Europa
Luxemburger Fondsbranche warnt vor Paris und dem Versagen der Altersvorsorge
Viele Milliarden Euro schlummern auf europäischen Sparkonten unproduktiv vor sich hin, während die Altersvorsorge bröckelt, beklagt die ALFI. Am Donnerstag hat der Luxemburger Investmentfondsverband seine Ziele, Sorgen und Hoffnungen für das laufende Jahr vor der Presse vorgestellt.
Serge Weyland, CEO der ALFI Foto: Editpress/Hervé Montaigu
„Die Menschen in Europa müssen mehr investieren“, unterstreicht Serge Weyland gleich zu Beginn seiner Rede. In ganz Europa schlafen Milliardenbeträge untätig auf Sparkonten. Diese Gelder fehlen damit zum Investieren in die Wirtschaft, sagt er. Hinzu komme, dass den Menschen dadurch gewaltig Kaufkraft verloren gehe.

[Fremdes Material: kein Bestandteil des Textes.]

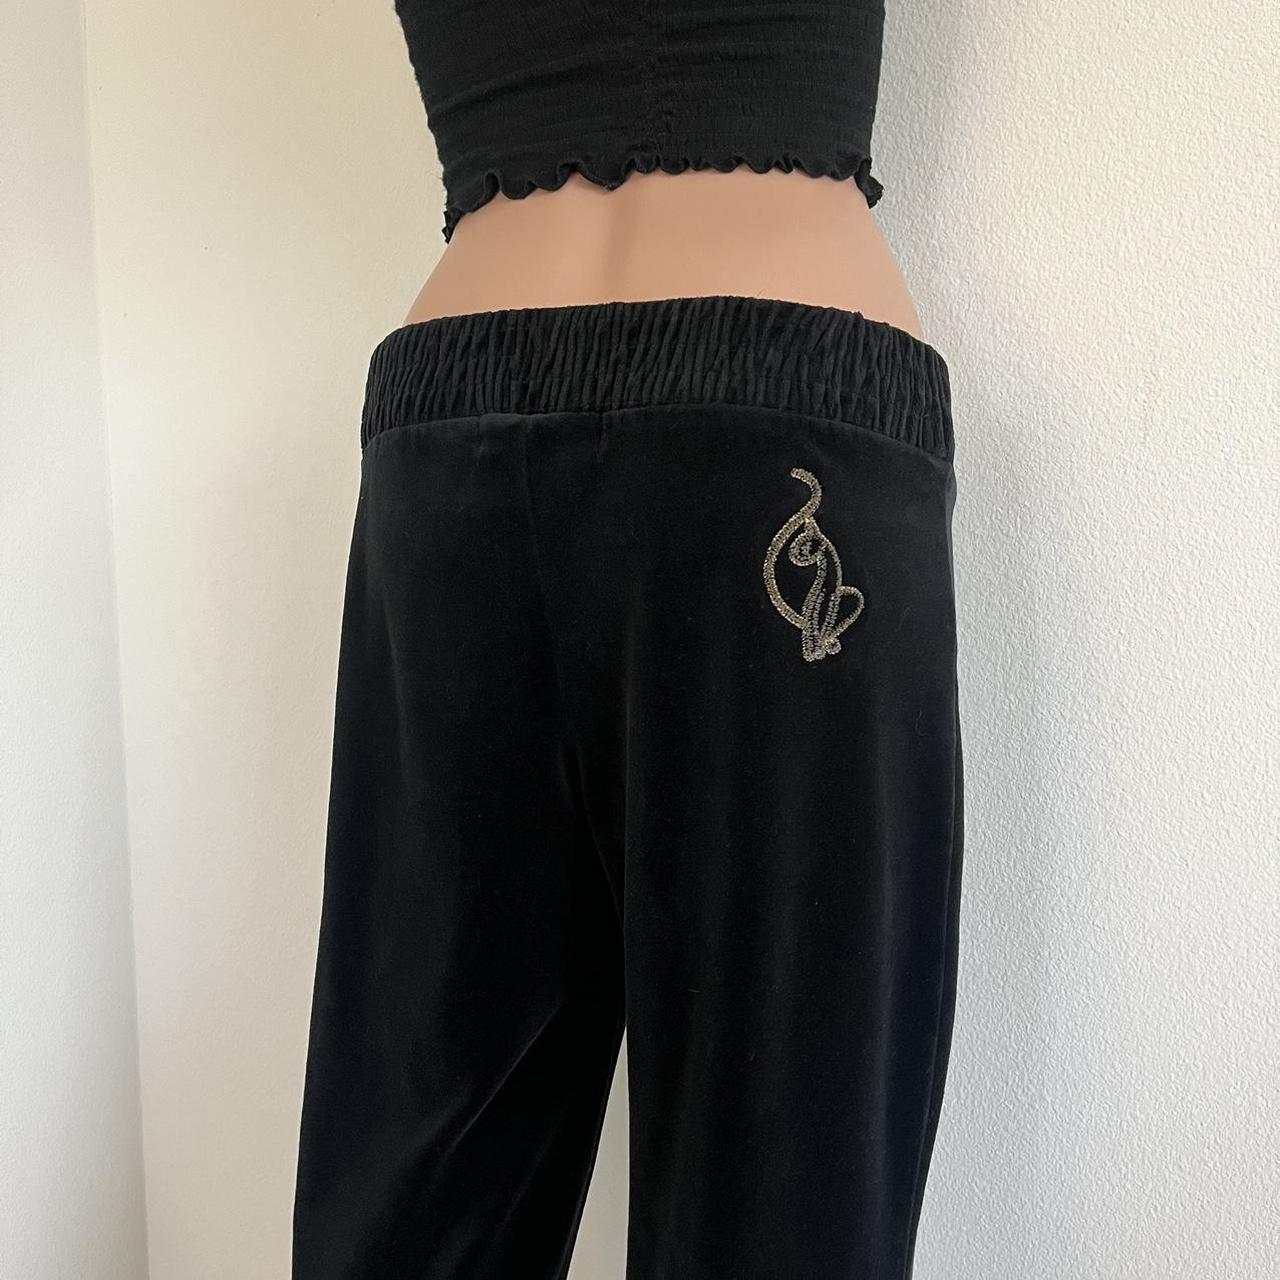 Classic early 2000’s low rise sweat pants with the

Serge Weyland ist CEO der ALFI, des Luxemburger Verbandes der Investmentfondsindustrie. Die im Jahr 1988 gegründete ALFI ist keine kleine Organisation. Sie beschäftigt 40 Angestellte. Finanzieren tut sie sich durch Beiträge ihrer 1.400 Mitglieder. „Wir erhalten kein Geld vom Staat“, hebt Weyland hervor.